Surprisingly, the most burning problem here isn’t related to health. It’s related to being perceived as high value for better opportunities and relationships.

If we wanted to amplify that problem further (you should), you would talk about how a lack of social opportunities leads to a feeling of loneliness. That effects your mental health that makes it harder to act with discipline in any other area of your life. You get stuck in a specific job and environment and have no idea why you can’t get out.

As a tip, none of this will be perfect after the first round of brainstorming.

This marketing strategy is something you refine as you read more books, content, listen to audiobooks, and talk with people with this problem.

Testing these ideas as social media posts also helps. The more engagement you get, the more likely it is that it’s a good idea to include in your marketing.

2) Desired Outcome

If the big problem is where people start, the desired outcome is the other end of the transformation.

Meaning, if you don’t nail down the problem (it will take some time for the right idea to strike) most of your marketing falls apart. Another reason why you should build an audience so you can test these ideas for free in your content. Use 2 Hour Writer for that.

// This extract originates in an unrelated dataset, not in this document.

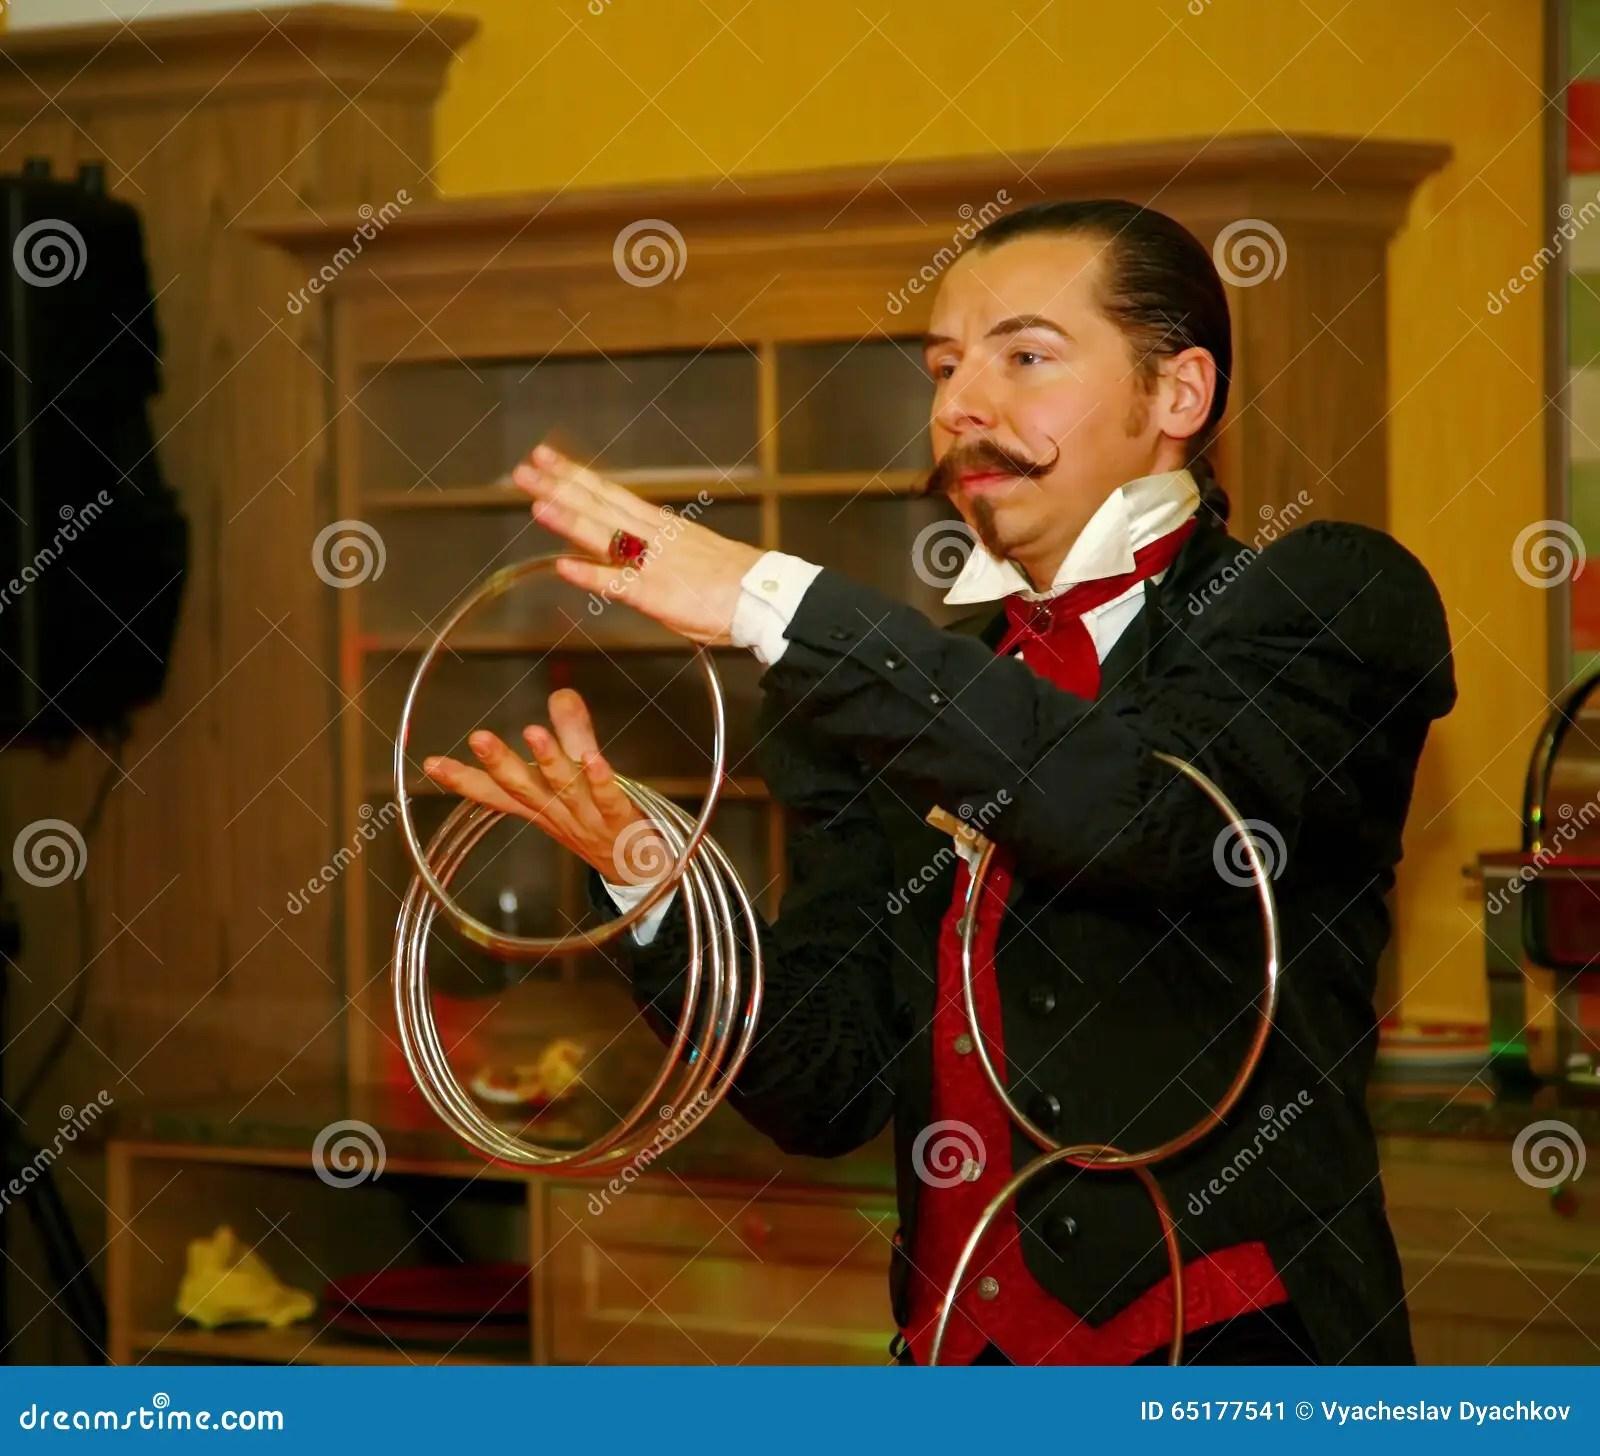 kitchen magician modern undermount sink 使用与火 由演员的表现魔术师魔术师罗马罗宋汤编辑类照片 图片包括有 一个美丽和轰烈的富人场面餐馆室内设计旅馆朱鹭 圣彼德堡 俄罗斯的家厨房由魔术师的表现罗马罗宋汤

If our problem, in general, is a lack of confidence and others not perceiving you as valuable, the general desired outcome is having a body that commands respect.

Now, we need to again make that more relatable, relevant, and research backed.

What do people actually want? Why do they want it?

For men, they want visible abs, a decent jawline, broad shoulders, and to feel confident in their own skin when it’s time to talk with other people or get naked.

For women, I can’t really speak to this, but I’d assume they want an hourglass figure, a nice butt, visible abs, and to feel “hot” and sexy. They want their man to fawn over them.

You can pair this with a big benefit to answer the “why?” question.

Why do men want visible abs?

Why do women want a big butt?

Remember, a lot of the specificity here stems from your target persona.

3) Believable Timeframe

Timeframes supercharge your marketing.

30 days.

3-6 months.

6 weeks.

2 hours.

They help make your product tangible. They are a reference point that spark desire in the reader.

Timeframes also help compress what you put into the product. A lot of people just throw everything they know into one product rather than only putting in what is valuable to solving the problem and reaching the desired outcome.

You may have to come back to this after creating your personal system.

4) Personal System

Your personal system for overcoming the pain point and reaching the outcome is what makes your product unique.

You could copy a product’s marketing that works, exchange their system with yours, and it would probably sell incredibly well. This is what most products do because that’s what most people want. People want your way of doing something.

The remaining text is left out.